Embodiment 2: the uniformity testing of standard sample
Randomly draw sample according to method of random sampling and carry out analysis of Uniformity:
1. uniformity in bottle
Randomly draw 1 bottle, after adding 200 L deionized waters, take three parts, every part of 50 L, numbered 101-103, every part of survey Three times, the results are shown in Table 2;Three groups of qualitative datas are done variance analysis, and variance is neat, P=0.58 > 0.05, and quality is without significant difference, symbol Closing uniformity requirement, standard deviation is 0.0007.Purity all about 1.80, meets purity requirement.
Homogeneity test result (mass unit: μ g) in 2 bottles of table
2. uniformity between bottle
20 bottles are extracted by simple random sampling method, numbering 201-220, survey 3 times for every bottle.Measuring sequence: for the first time, 201 → 220;For the second time, 220 → 201;For the third time, odd number 201 → 219 → even number 202 → 220, the results are shown in Table 3;By 20 groups of quality and Purity data does variance analysis, and variance is neat, and P=0.92 > 0.05, content, without significant difference, meets uniformity requirement, its standard deviation It is 0.0007.Purity all about 1.80, meets purity requirement.
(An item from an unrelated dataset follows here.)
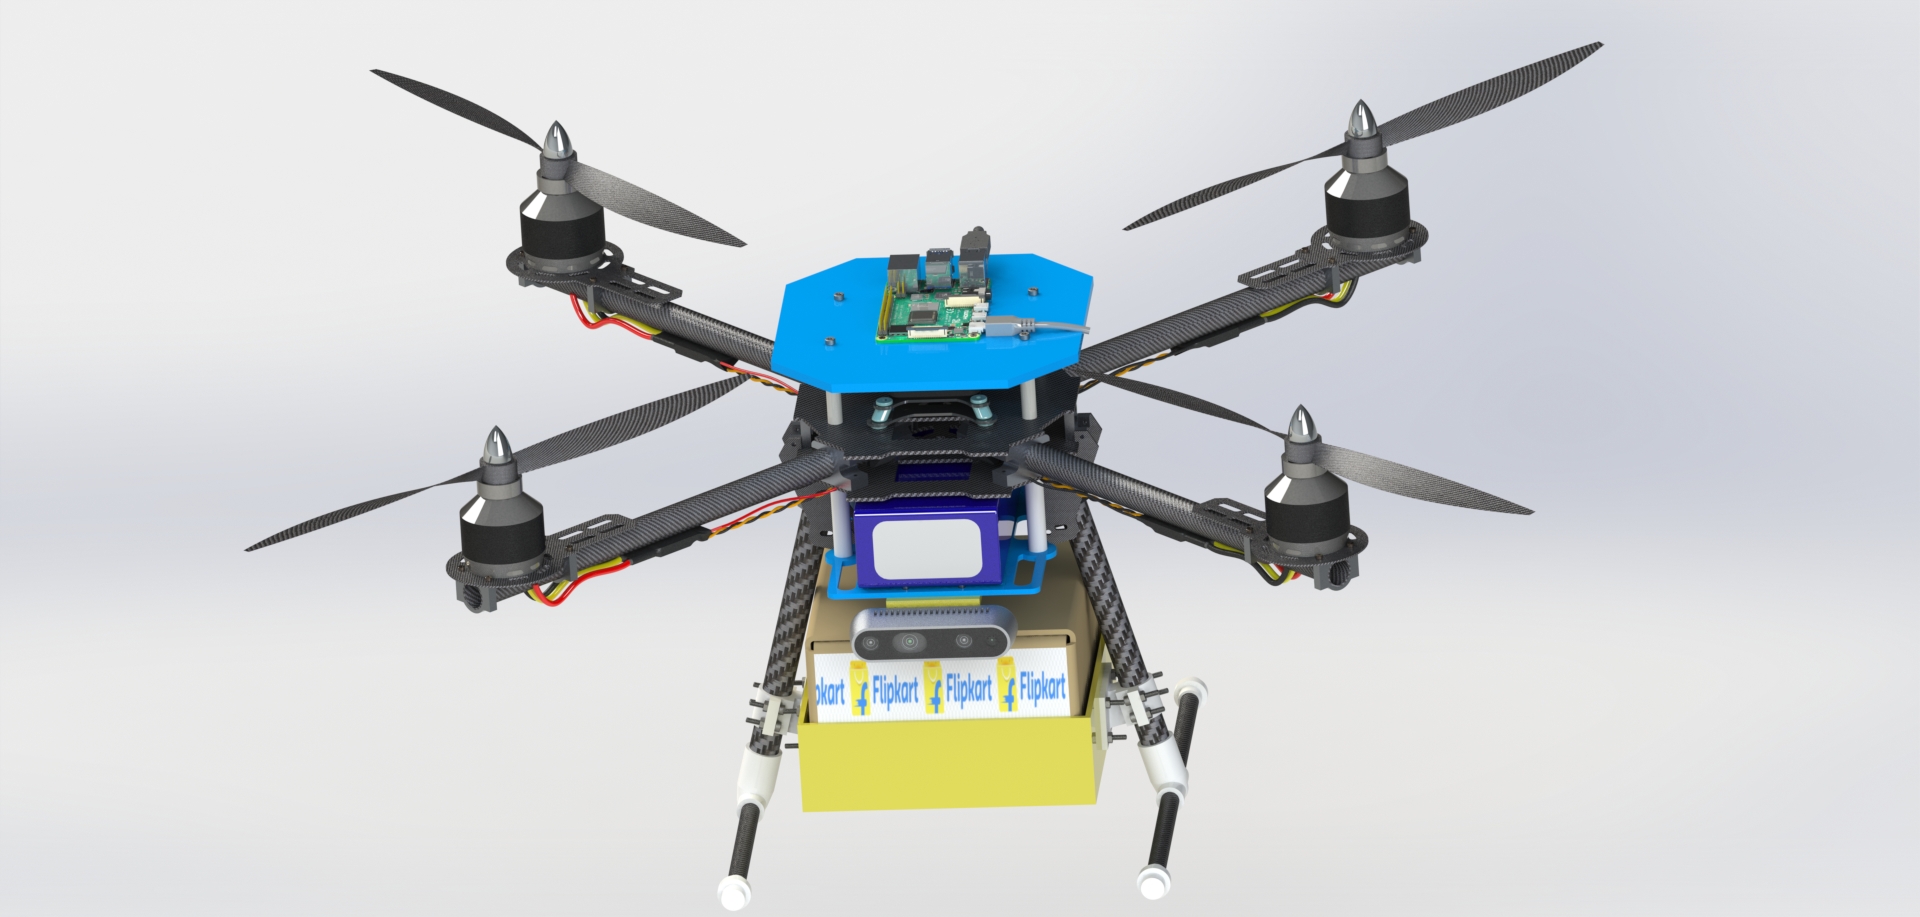 Capable of autonomous indoor navigation and having a payload capacity of 2.4 kgs, team UMIC Aerial proposed this design for the Flipkart Grid 2.0 Autonomous Indoor Drone Robotics Challenge

Homogeneity test result (mass unit: μ g) between 3 bottles of table
Embodiment 3: the stability test of standard sample
Randomly draw sample according to method of random sampling and carry out stability analysis:
1. short-term stability
Randomly draw lyophilized sample respectively at-20 DEG C, 0 DEG C, 4 DEG C, 25 DEG C, under the conditions of 37 DEG C, place 2 weeks.Each temperature Lower placement 8 bottles, totally 40 bottles, numbers from 301-350, surveys 3 inferior qualities for every bottle by totally 40 bottles.With reference to GB/T 15000.3-2008 to sample The statistical analysis requirement of product stability, uses SPSS 20.0 software that data carry out variance analysis, and inspection level P < 0.05 is There is notable difference;
5 groups of data (table 4) are made variance analysis, has obvious significant difference between group, compare between each group further Relatively, no difference of science of statistics between-20 DEG C, 0 DEG C and 4 DEG C of groups, no difference of science of statistics between 25 DEG C and 37 DEG C, and-20 DEG C, 0 DEG C and 4 DEG C three groups with 25 DEG C, 37 DEG C two groups phase mutual significant differences.
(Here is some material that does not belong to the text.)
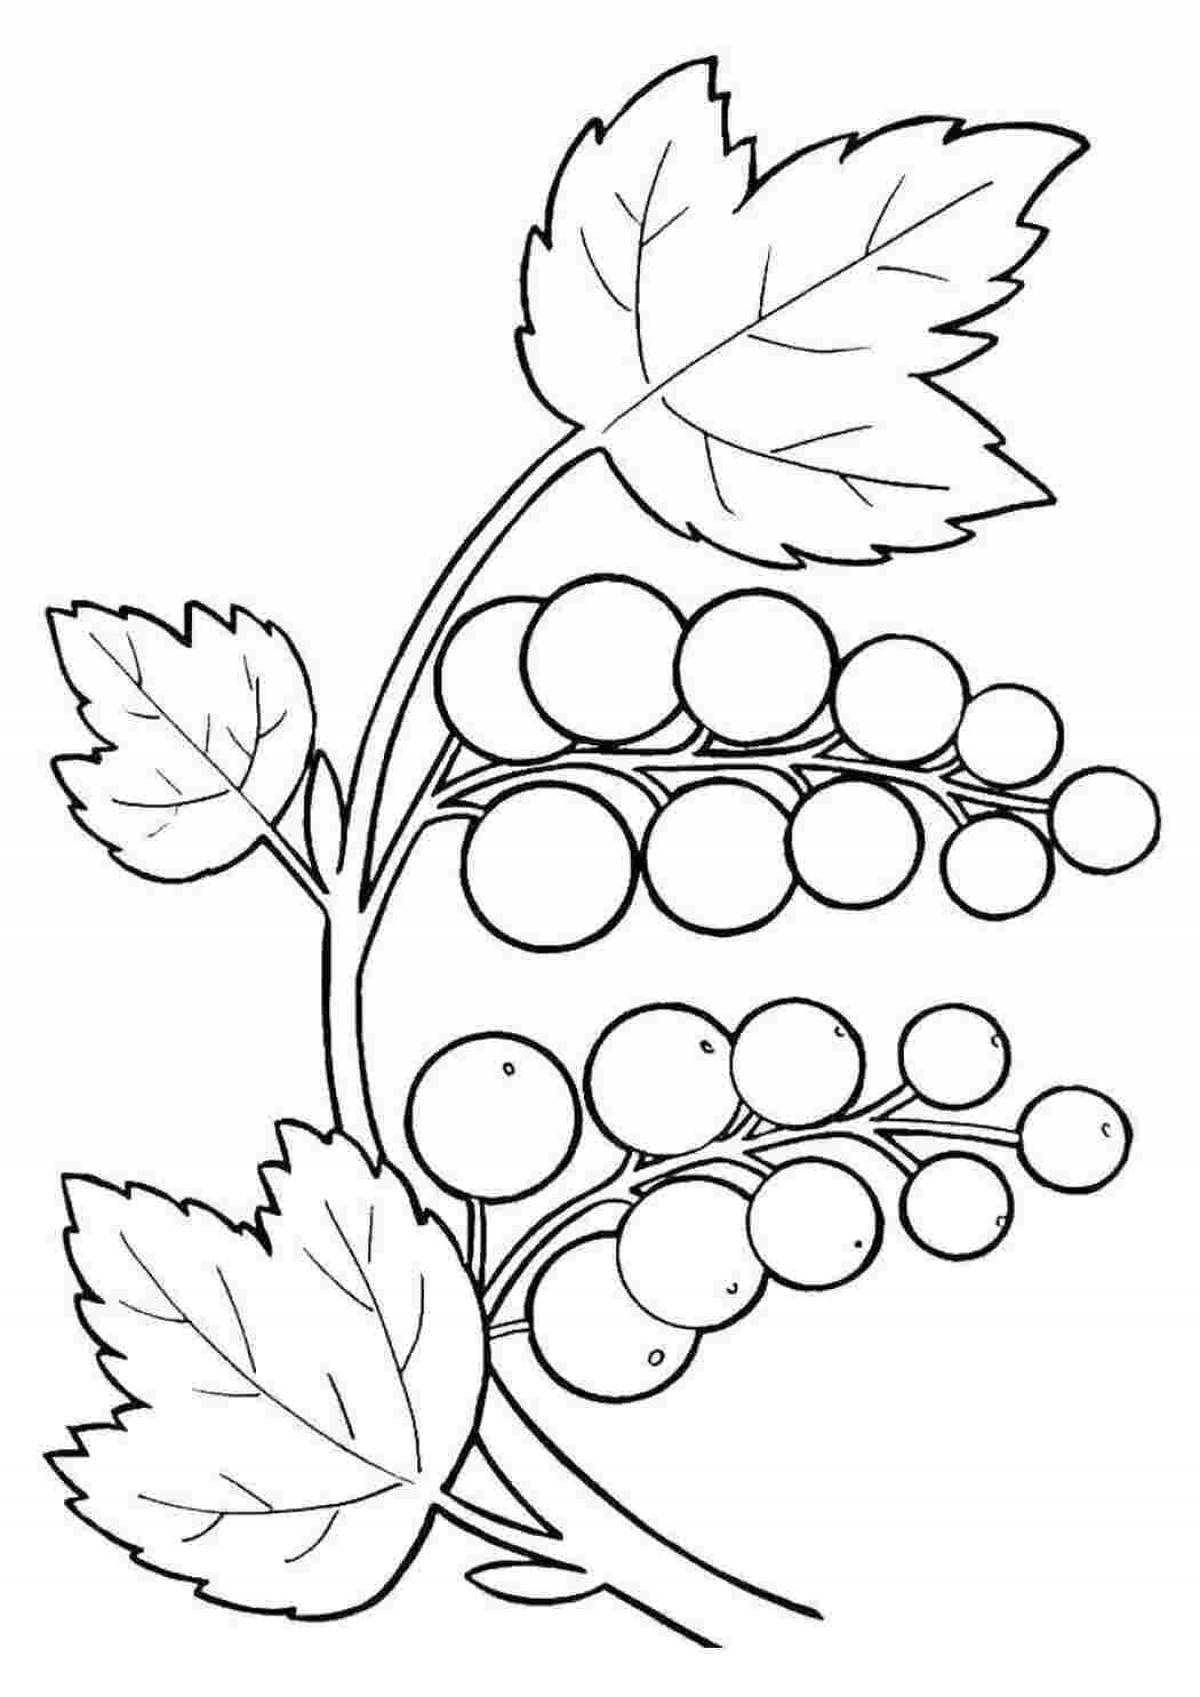 Attractive coloring pages Khokhloma patterns

Table 4 short-term stability testing result (mass unit: ug)
2. long-time stability
Randomly draw a collection of 45 bottles be firstly placed on-80 DEG C at, according to time interval take out under the conditions of-20 DEG C place 12,9, 6,3,1 months.9 bottles are placed under each time point.Synchronos method is used to measure concentration.With reference to GB/T 15000.3-2008 to sample The statistical analysis requirement of stability, uses SPSS 20.0 software to carry out variance analysis, and inspection level P < 0.05 is the poorest for having Different.
5 groups of data (table 5) are made variance analysis, without significant difference between group, meets long-time stability requirement.Transfer for-20 DEG C Put 1 year sample quality standard of appraisal deviation (STDEV)=0.028.
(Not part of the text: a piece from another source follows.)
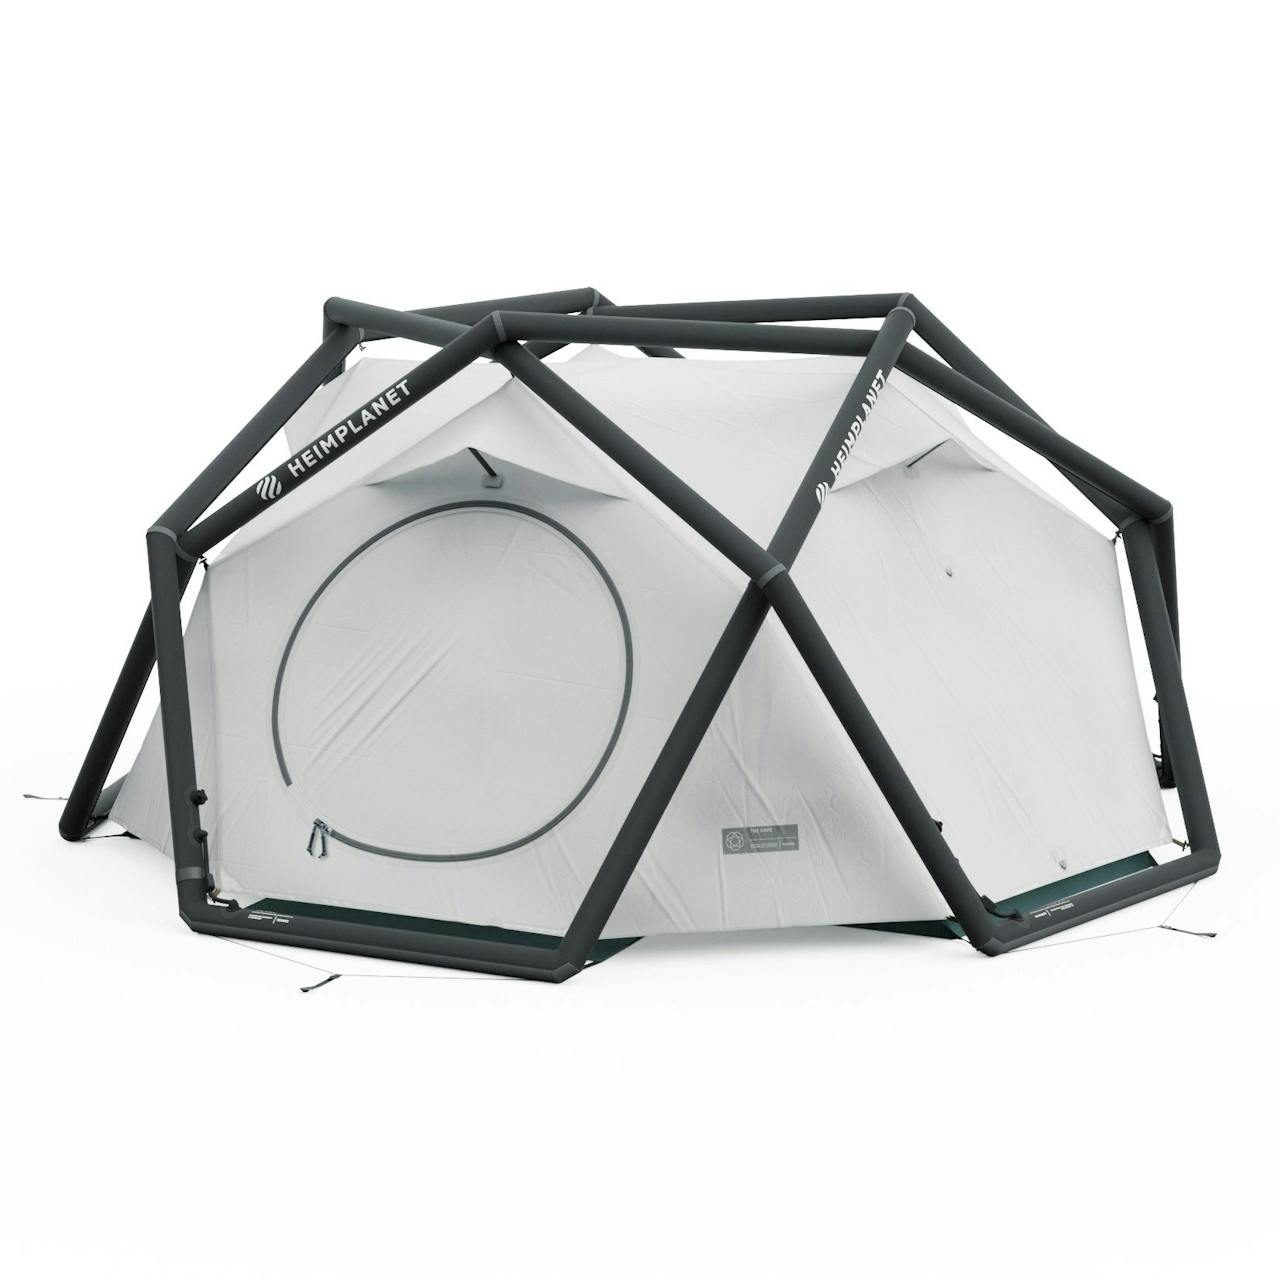 https://huckberry.imgix.net/spree/products/710942/original/82863_Heimplanet_Cave_2-3_Person_Inflatable_Tent_Classic_White_01.jpg?auto=format%2C%20compress&crop=top&fit=clip&cs=tinysrgb&w=1280&ixlib=react-9.5.2&h=1280

Table 5 long-time stability experimental result (mass unit: ug)
Continued 5
Embodiment 4: the definite value of standard sample
1. cooperation definite value
The work of standard sample definite value has been participated in jointly by 7 laboratories.Ultraviolet spectrophotometry is used to carry out cooperation fixed Value.Provide 1 bottle of sample, points three days measure for every, measure 1 every day, 3 times altogether.Value data is shown in Table 6, and laboratory is averagely surveyed Amount data are shown in Table 7.
Table 6 laboratory measurements list (mass unit: ug)
Table 7 laboratory average measurements
2. uncertainty combination
The component of uncertainty includes that inhomogeneities error u1+ stability error between bottle (-20 DEG C/1 year) u2+ repeats to survey Amount error u3, cooperate definite value error u4.Overall uncertainty is equal to the evolution of each partial uncertainty quadratic sum.
The partial uncertainty source of standard sample is shown in Table 8.Composite Seismogram is shown in Table 9.
It is computed, expanded uncertainty U=0.048 μ g, k=2.
The uncertain component value of table 8
Table 9 Composite Seismogram
Duplicate measurements error Cooperation definite value error Composite Seismogram
0.001 0.021 0.024
Definite value: 2.06 μ g, expanded uncertainty U=0.048 μ g, k=2.
Definite value result shows: 1, the reagent that preparation uses meets requirement;2, preparing process is reasonable;3, method of testing is full Foot requirement.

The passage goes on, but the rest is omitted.